Ровнин, не находя слов для ответа, задохнулся, беззвучно раскрыл рот и опустился на стул.

– Ко мне-то вы зачем пожаловали? – продолжал допытываться Громков.

– С кем же ещё посоветоваться? – удивлённо заморгал Малик, отирая вспотевший лоб. – И установку вашу, Алексей Валерьянович, своими руками пощупать очень хотелось.

– Для какой же, любопытно узнать, надобности? Вам, как я понимаю, наше направление не приглянулось.

– Мы собираемся потихоньку переходить к полузаводской, а это, сами знаете, новое качество. Тут ваш опыт особенно драгоценен.

– Кто бы мог подумать, – Громков насмешливо поскрёб подбородок. – А вы, собственно, у кого работаете?

– В проблемной лаборатории Доровского.

– Это который членкором в Новосибирск уехал? Ничего не скажешь, ловкач!

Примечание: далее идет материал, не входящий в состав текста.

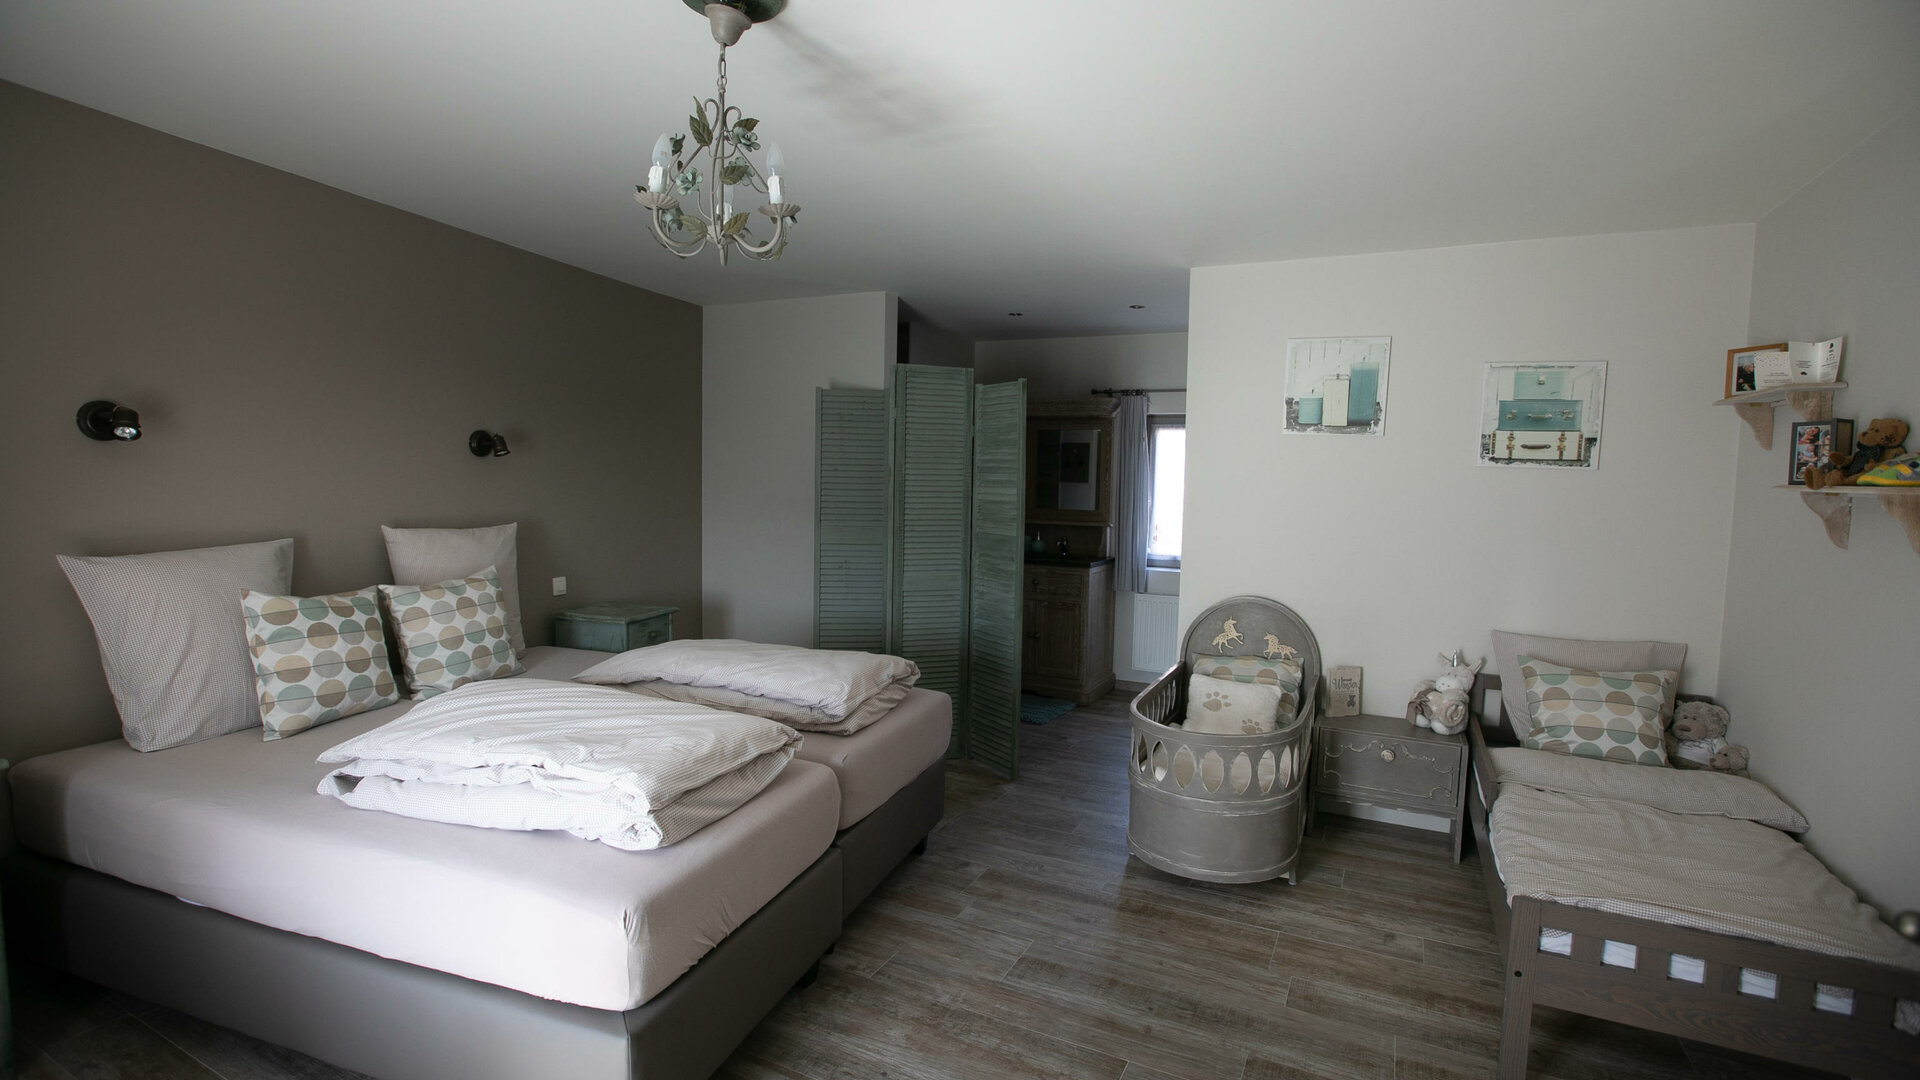 Het Eenhoornhof - Grote luxe kamer met twee kinderbedjes. Achteraan de badkamer met inloopdouche, lavabo en afgesloten toilet

– Почему ловкач? У него имя!

– Разве я в осуждение?.. И во сколько же оценивает Доровский ваш титанический труд?

– Как везде.

– Положим, не везде, но с шефом вам явно не подфартило. Как дальше-то жить планируете?.. Небось заявку на свой сногсшибательный принцип оформить не догадались?

– Почему? Подали.

– И публикации есть?

– Три статьи.

– Молодцы, расторопными оказались. Только бесполезно это всё без прикрытия. Жалко мне вас, братцы. Мало того, что из вздорной затеи ничего путного не получится, так вас ещё и сожрут с потрохами. Жизнь, она беспощадна.

– Получится! – с полной уверенностью заявил Марлен. – Уже получилось. Вы взгляните, полный баланс. Мы даем кокс и окисленную органику, пригодную для дальнейшей переработки. И, конечно, само собой разумеется, даём металл…

– Вот именно даём! – снисходительно кивнул Громков. – Цыплят по осени считают. Пока, если что и выходит у вас, так это в трубочке, а вернее сказать – в пробирке. Начнёте осваивать крупные габариты, сразу узнаете, почём фунт лиха. Мы с Бессом все зубы съели, пока вышли на полупромышленный стенд. Альфред Себастьянович два инфаркта на нём заработал. Наукой заниматься – не в бирюльки играть, братцы затейнички.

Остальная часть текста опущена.